After years of underfunding, this legislation would have pushed the entire pension system into bankruptcy. Martwick was clearly looking for union support by playing to their anger over Tier 2, but without offering any ideas on how to finance these enhancements, this legislation would have cost taxpayers an estimated $30 billion. First, Martwick wanted to defund the police, and now he has essentially defunded their pensions.

Meanwhile, Mayor Johnson and the CTU cannot agree on their next lucrative contract, the firefighters do not have a contract or functional equipment, and the police are grossly understaffed.

A serial liar, Rob Martwick, has recently accused this author of pushing the pension holidays that led to a drop in the pensions’ funding ratios even though I have never voted for a budget at either the city or state level. The fact remains that when I left the City of Chicago as the head of the budget office, municipal workers’ pension funding levels were above 90 percent. Furthermore, at the time I left government, city laborers had enough assets to cover 133 percent of their liabilities and police and fire pensions, which had been traditionally underfunded, hovered around 70 percent. During my tenure as Chicago Public Schools’ CEO, the pension funding level rose from 80 percent to 104 percent.
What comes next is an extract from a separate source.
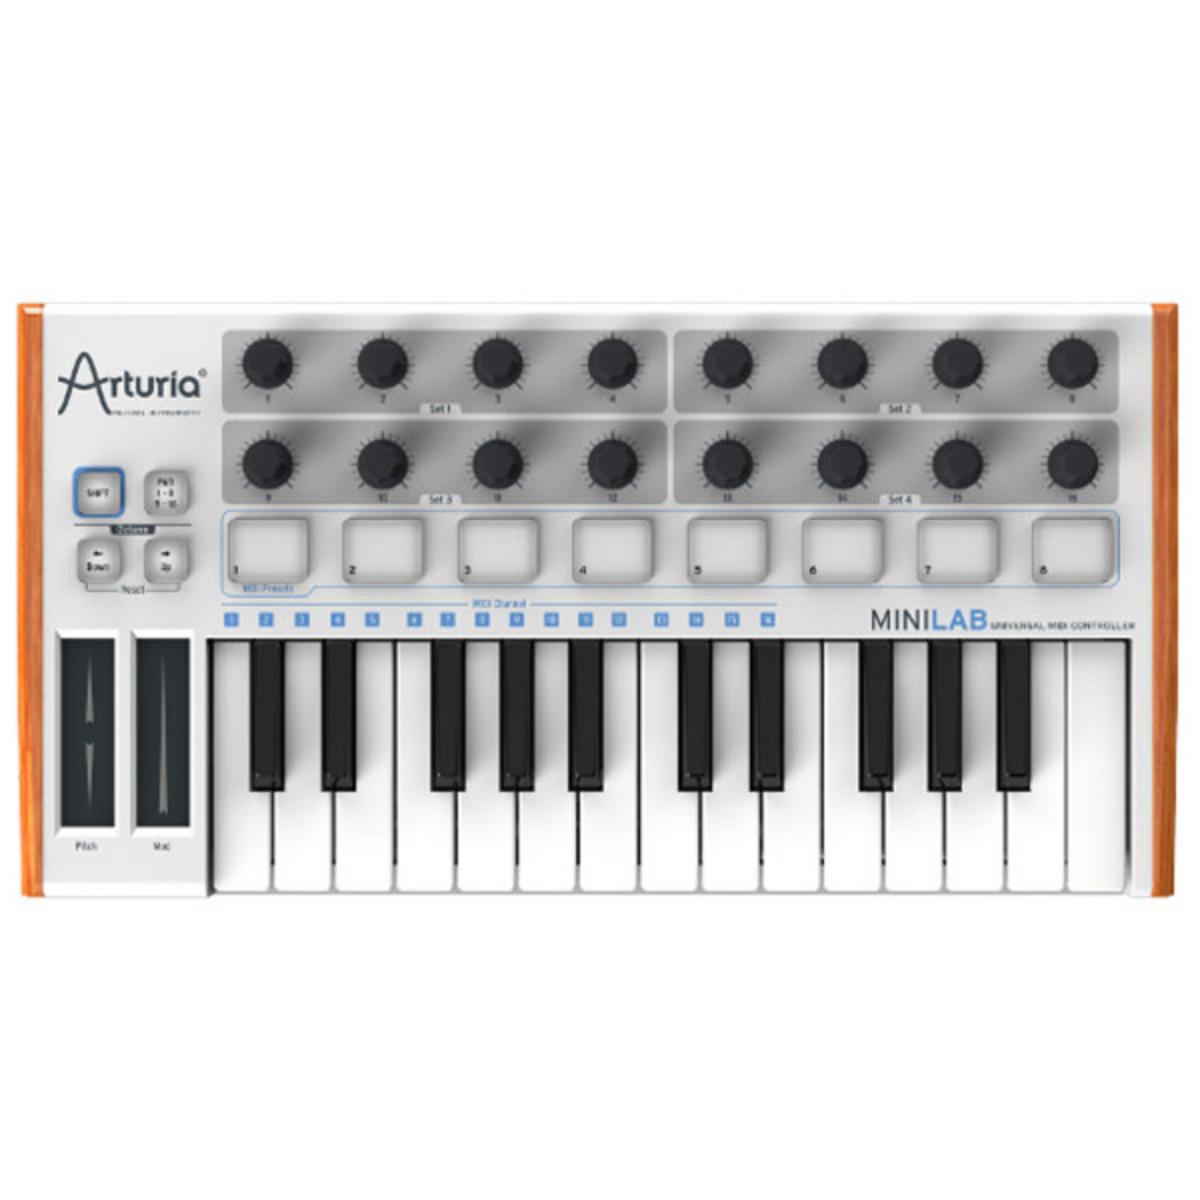 Image of Arturia MiniLab Universal MIDI Controller

Most importantly, I was working in New Orleans rebuilding their school district after Hurricane Katrina when the legislators irresponsibly voted to take pension holidays.

Senator Martwick has been quite comfortable feeding his gullible audiences comforting fictions about his record in order to buff his public image and achieve reelection. However, I will not allow him to rewrite immutable facts, falsify events, or minimize the decisive role he has played in leaving. Nor will I allow him to distort my record in bringing security to Chicago’s public pensions.

Somehow, Senator Martwick continues to represent thousands of teachers, firefighters, police, and others in public service. They should know that as member of the General Assembly and Cook County Committeeman, he has taken a taxpayer-funded salary, made millions on tax appeals for corporate clients, received contracts from the Democratic Party for printing services, underfunded the public pension system, and has attacked women, repeatedly.

This level of corruption is why Chicago and Illinois remain a universal laughingstock.

Only voters can decide to remove a Senator, Committeeperson, and perhaps prevent a Judge Martwick from presiding over a courtroom. But do not also forget to hold the person responsible who sponsors this triple-dealing corruption, Party Boss and County Board President, Toni Preckwinkle.